AI Article Synopsis

  • Corticosteroid injections (CSIs) are frequently used to treat carpal tunnel syndrome, but recent studies have raised concerns about their association with a higher risk of postoperative infections in orthopedic surgeries.
  • A study conducted from 2010 to 2019 analyzed patients who underwent carpal tunnel release (CTR) and found that those who received preoperative CSIs had a significantly higher rate of postoperative infections compared to those who did not.
  • The research revealed that 41% of patients with infections had received a CSI prior to surgery, suggesting a link between the timing of the injection and the infection risk, although further investigation is needed to explore other contributing factors like dosage and patient comorbidities.

Article Abstract

Purpose: Corticosteroid injections (CSIs) are commonly used in carpal tunnel syndrome; however, recent literature has demonstrated risk of postoperative infection associated with preoperative CSIs in other orthopedic fields.
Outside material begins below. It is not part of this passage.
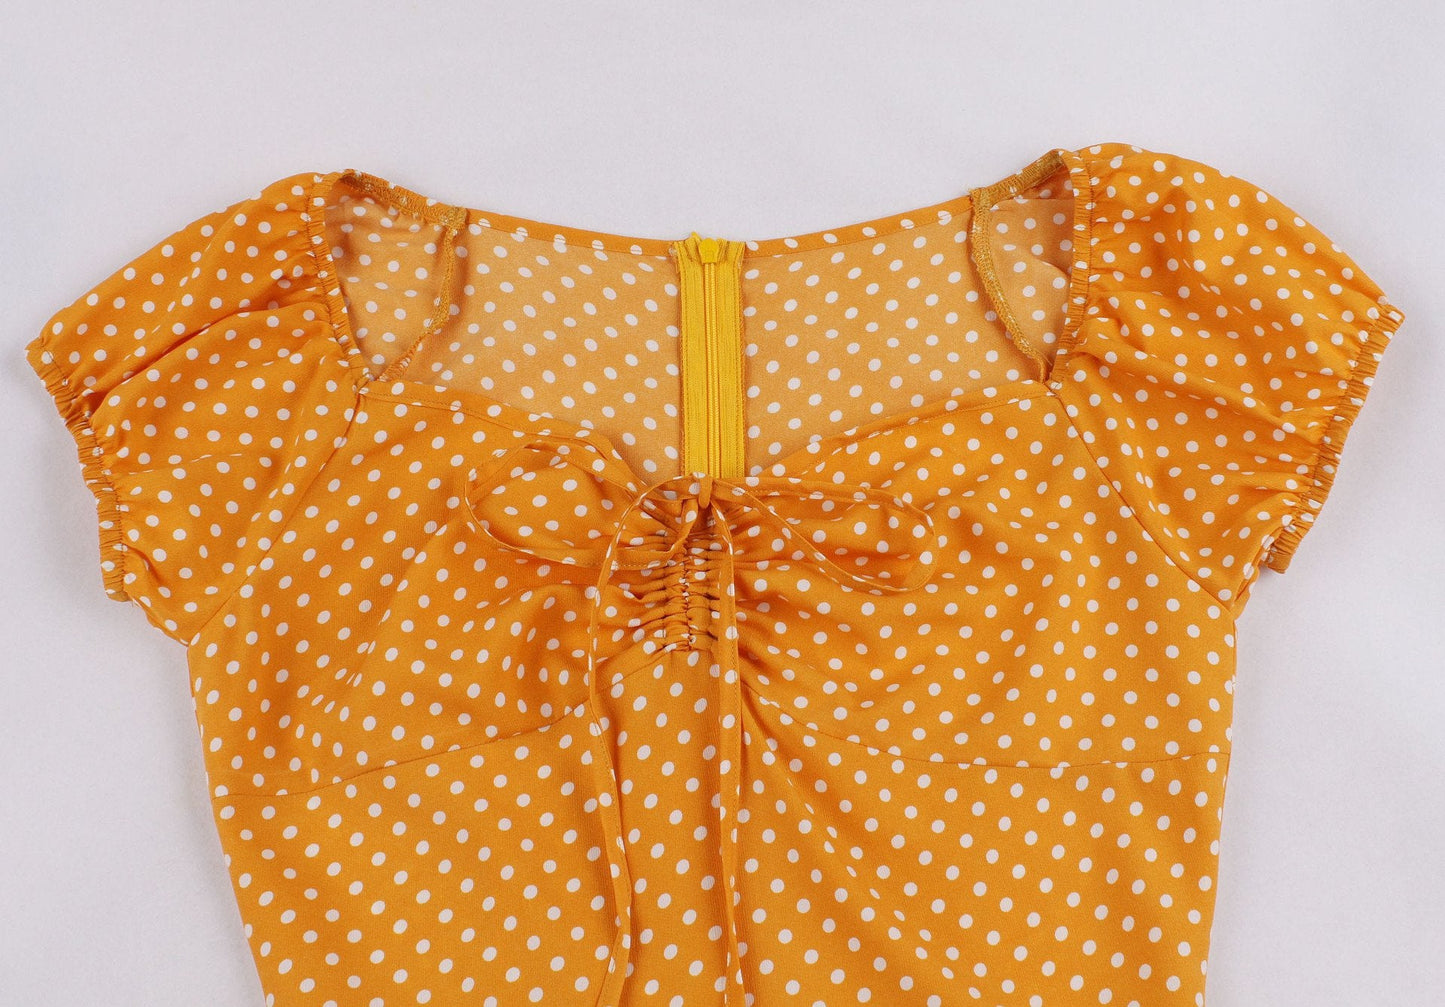 Women Short Sleeves Dot Print Vintage Dresses-Vintage Dresses-Pink-S-Free Shipping Leatheretro

The aim of this study was to assess the relationship of CSIs and postoperative infection following carpal tunnel release (CTR).

Methods: A single-center retrospective review was conducted from 2010 to 2019 to identify patients who underwent CTR with subsequent antibiotic prescription for chart-documented wound infection. A demographically-matched cohort of 100 patients was identified for comparison. Information on patient demographics, comorbidities, injection history, and presence of postoperative infection was collected.
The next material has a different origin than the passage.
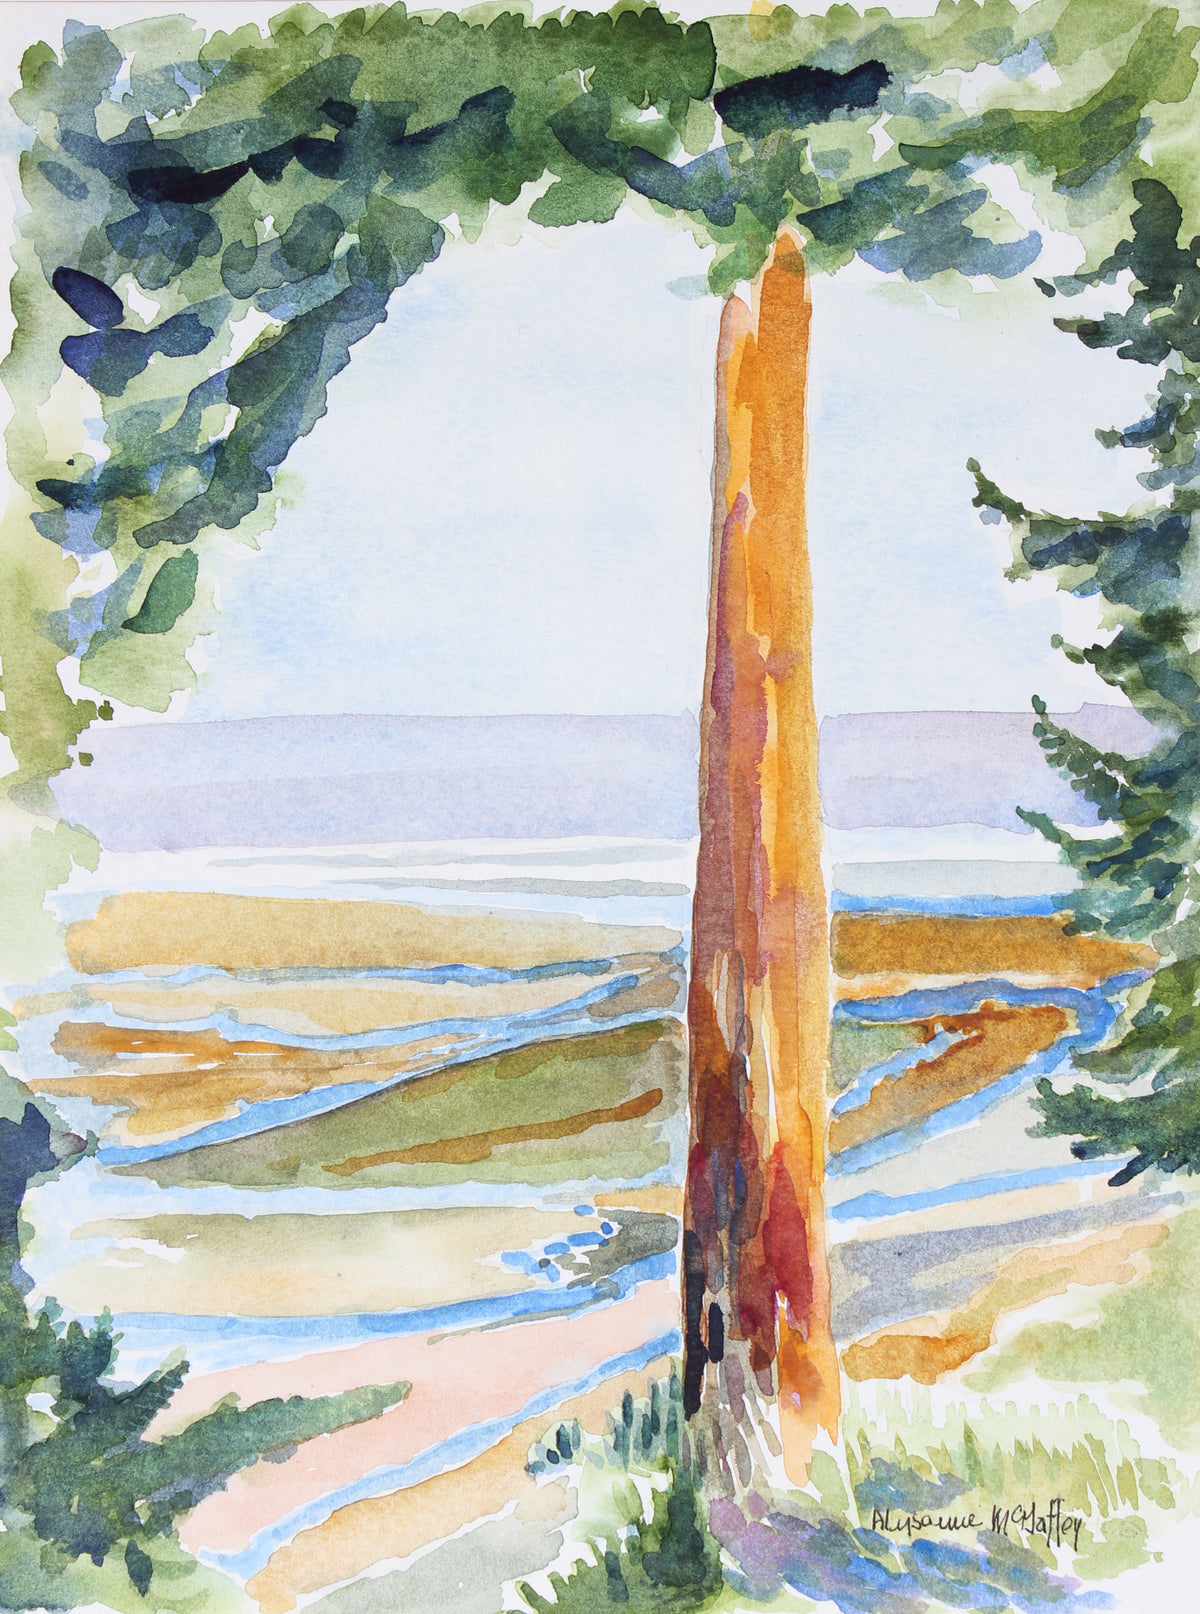 &lt;I&gt;Looking Down on Skagit River Flats&lt;/I&gt; &lt;br&gt;20th Century Watercolor&lt;br&gt;&lt;br&gt;#43898

Results: Thirty-nine patients (0.67% of all CTR patients) were identified with postoperative infections, 3 of which (0.05% of all CTR patients) were deep infections. In the infection cohort, 16 of 39 (41%) patients received an injection prior to surgery, whereas 16 of 100 (16%) patients in the control cohort received an injection. History of CSI was significantly more common in patients with postoperative infection, and patients in the infection cohort had a significantly shorter average time from injection to surgery by approximately 55 days.

Conclusions: Corticosteroid injections in the preoperative period are associated with postoperative infection after CTR. Proximity of injection to time of surgery plays a role, although comorbidities, the corticosteroid dose, and frequency of injection require further study to determine risk contribution.

Type Of Study/level Of Evidence: Prognostic III.